I'd be curious to have you give codex with gpt 5.2 high model selected a shot at #1, I have had great luck with it in C++. Part of the issue right now is that people are getting variable results because there is such a big difference between the models. Codex can't do front end design, Claude can't do sophisticated performant code, etc.

I'll give codex a try.
 
The problem with training AI.... is it ends up generally being an average of what its trained on. It has no mechanic to realize what is high art, the code that is almost perfect.
IMO AI codes and scripts and such. Are a average quality. Better then the worst, no where near the best.
I'm sure it speeds up bad coders ability to produce mediocre code, and it might speed the workflow a bit for an average coder. A good coder would probably spend more time swearing at its crap generation and fixing it.
It really is all about what it's trained on. And at work, I've been blocked for about a month, where my boss tried using AI to write a simple function to help speed things up. It's not that the function is long (it shouldn't be), nor is it unavailable (there are math equations online). But the math isn't exactly simple, and the AI failed spectacularly.
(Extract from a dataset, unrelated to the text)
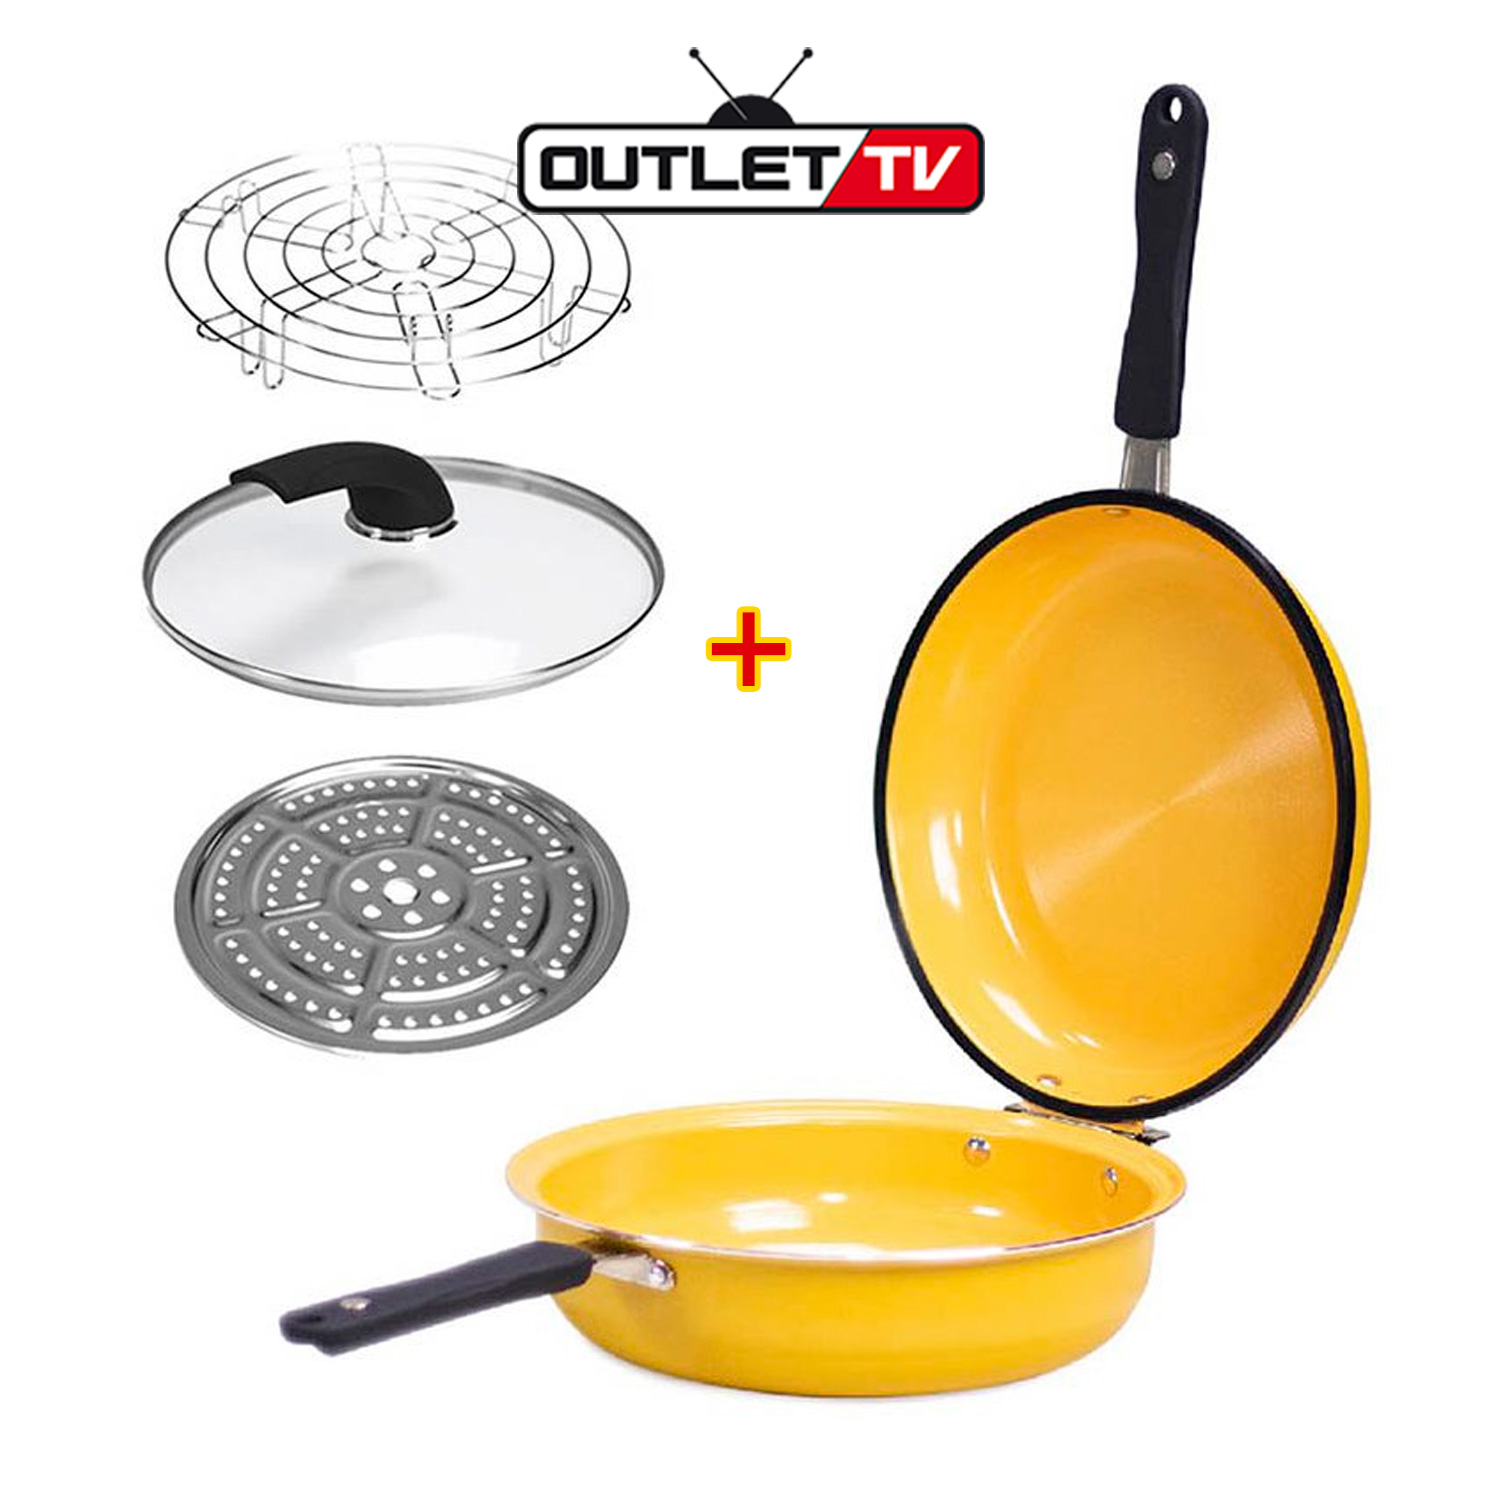 https://outlettv.com.co/wp-content/uploads/Sart%C3%A9n-Doble-Deluxe-Multifuncional-Antiadherente-Amarillo-Outlet-TV-Colombia_01.jpg

(My boss doesn't have the necessary math skills for this, thus tried using AI, and we're waiting on the people with the math background.)
 
It really is all about what it's trained on. And at work, I've been blocked for about a month, where my boss tried using AI to write a simple function to help speed things up. It's not that the function is long (it shouldn't be), nor is it unavailable (there are math equations online). But the math isn't exactly simple, and the AI failed spectacularly.

(My boss doesn't have the necessary math skills for this, thus tried using AI, and we're waiting on the people with the math background.)

Wrong AI or your boss is an idiot. I've had codex write complex DSP algorithms for simultaneous time and frequency domain analysis on realtime high samplerate streaming. Worked great.